Consistency on the part of the Board in its interpretation and decision making on matters concerning child pornography is also proving to be a serious problem. A film titled “The Reader” - which was recently screened in theatres nationwide - contains scenes of sexual conduct between a heterosexual adult and a minor and would clearly fall within the definition of “child pornography” and on the Board’s interpretation, ought to be banned. The question that begs to be answered is whether this inconsistency is based on an element of intolerance and discrimination against the gay, lesbian intersex community in respect of their right to freely express themselves on matters fundamental to their human nature.  

Worrying aspects of the judgment aside, it does constitute a way forward in respect of the dreaded task of striking the correct balance between the right to freedom of expression and children’s rights, while not ignoring the ills of genuine child pornography.                  

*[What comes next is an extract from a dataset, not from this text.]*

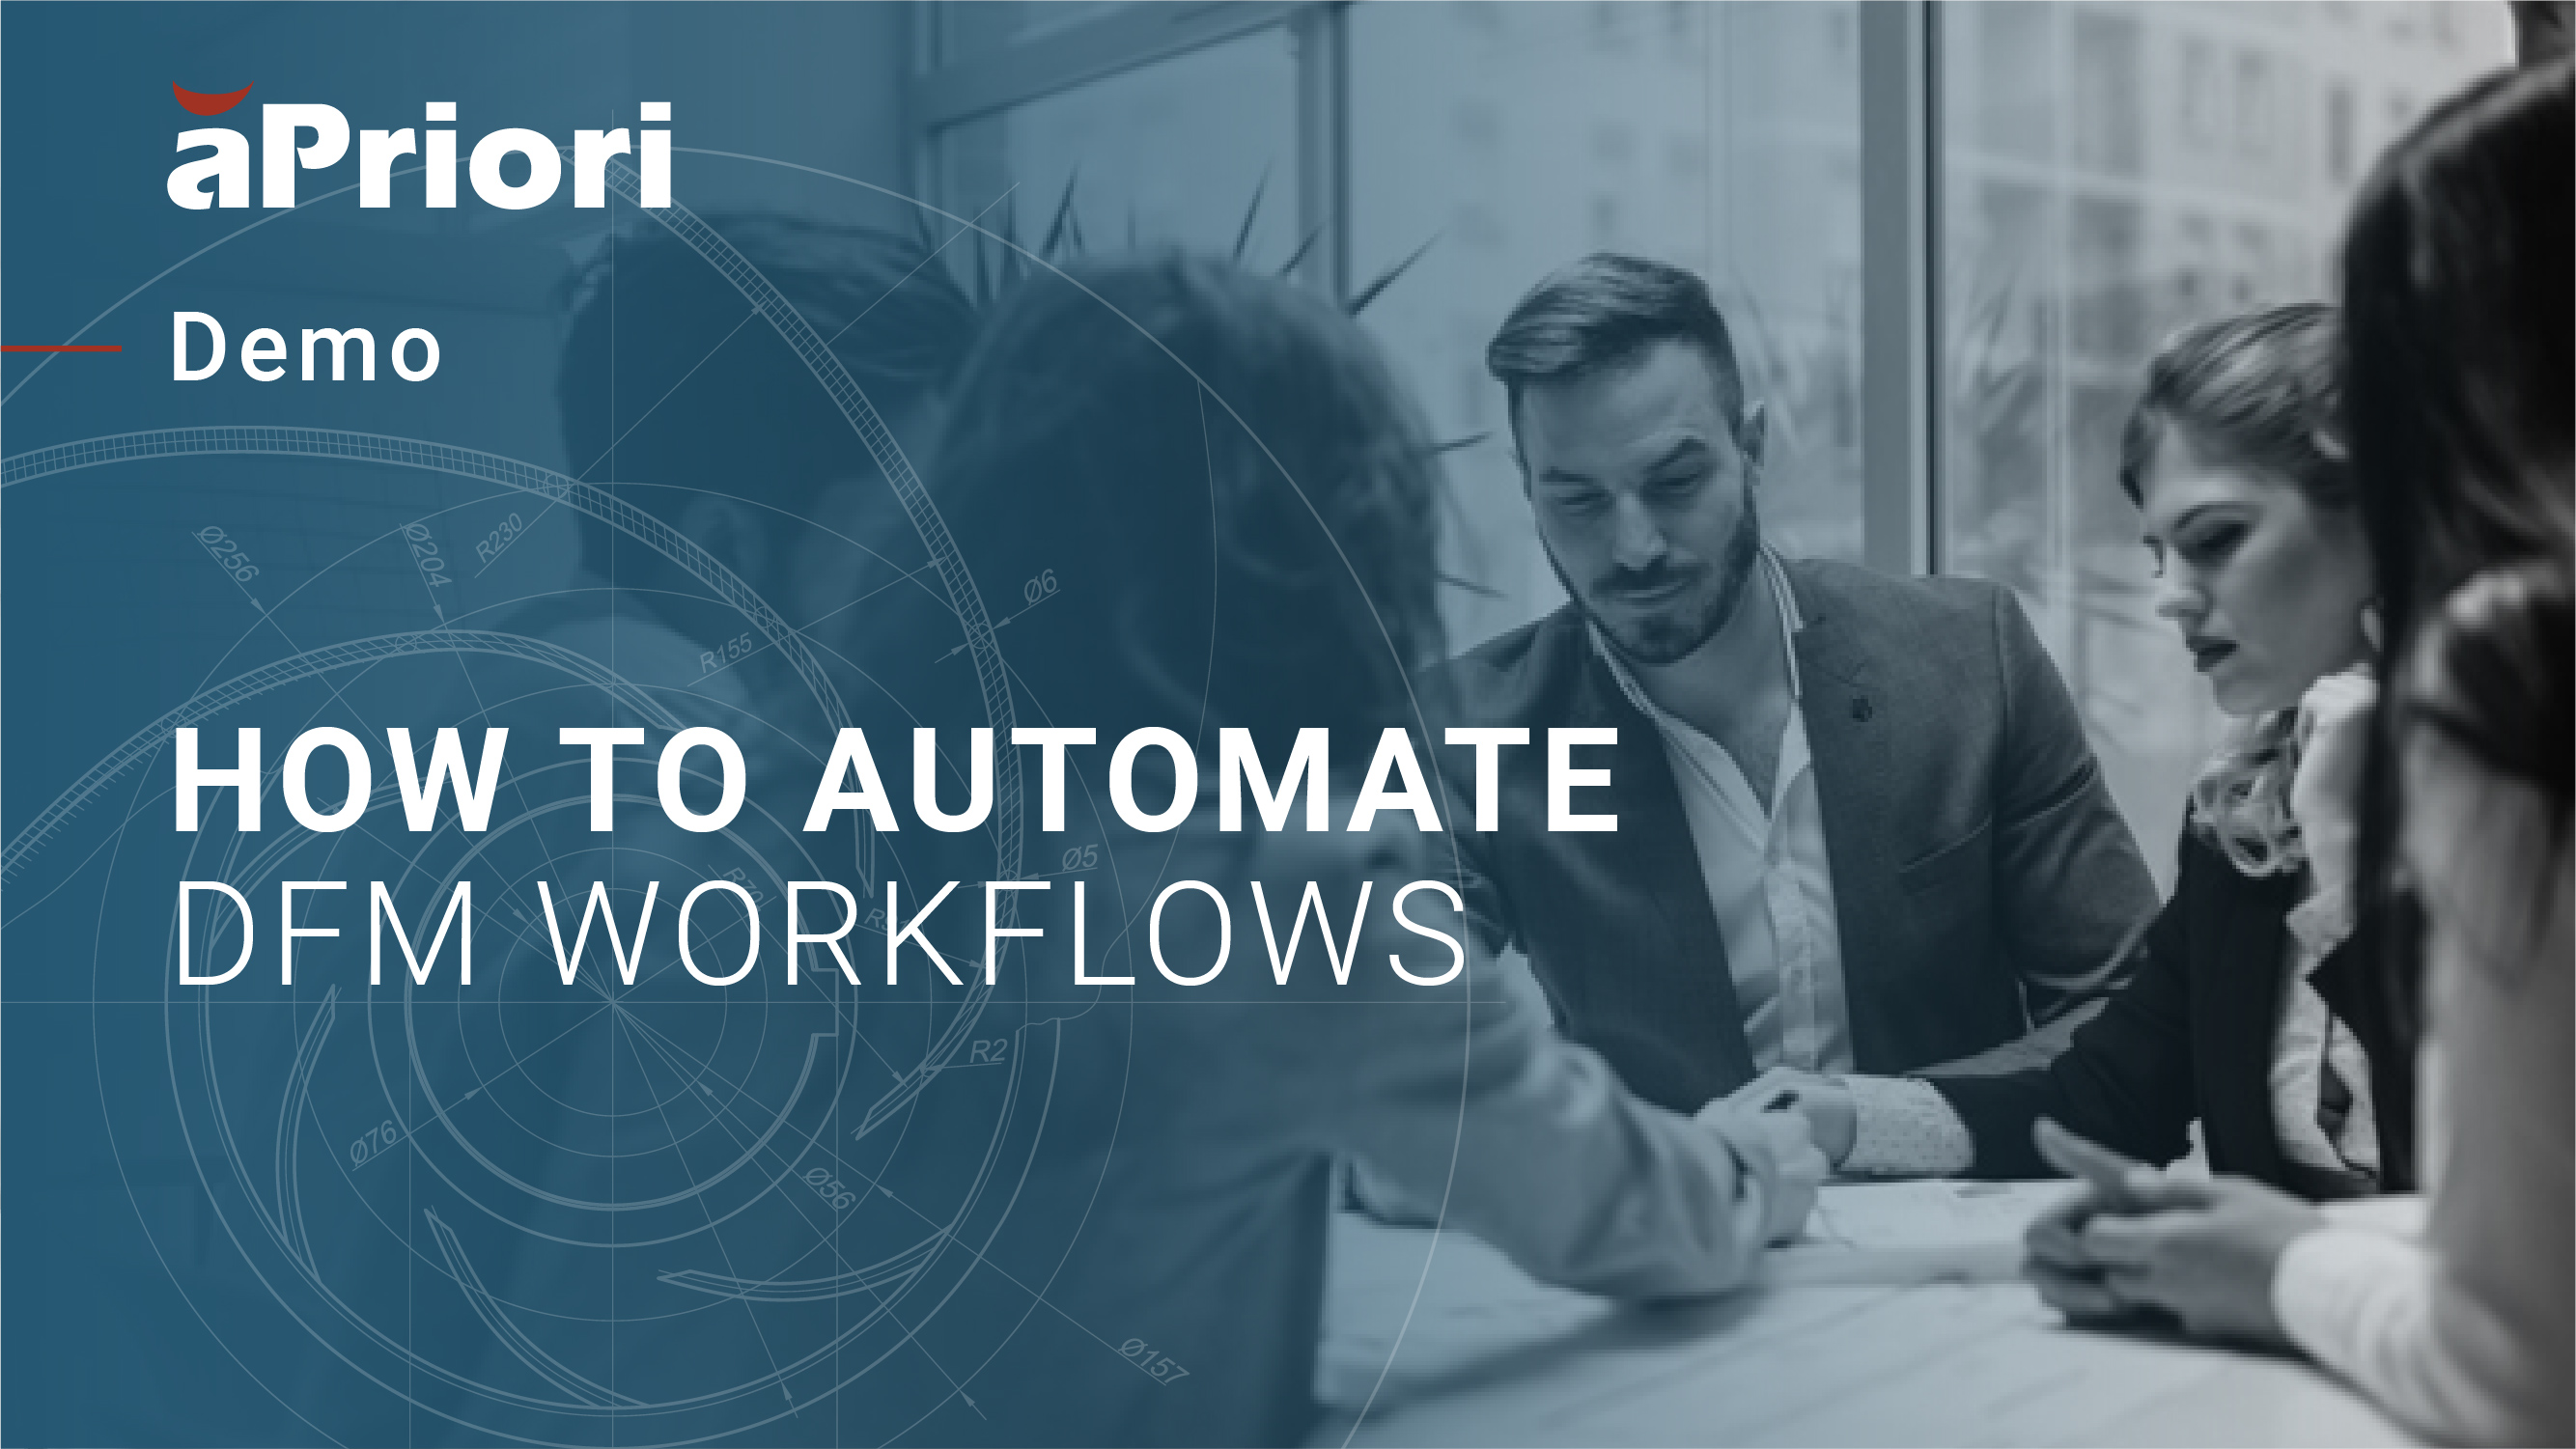 Demonstration of aPriori's Automated Workflows for Design For Manufacturing (DFM)

In the words of the Appeal Board, “... this is a film of considerable artistic merit which treats the issue of intolerance towards intersex persons in a sensitive and meaningful manner. It is also a superbly crafted film with riveting performances by the lead characters”. It will be screened by OIA in September at the 2009 Film Festival and will hopefully contribute towards a better understanding of the complex nature of the issues involved. The media needs to convey this underlying sentiment of the judgment and in the process help to expand public awareness of the need to vigilantly oppose incursions on personal freedoms, particularly the right to freedom of expression.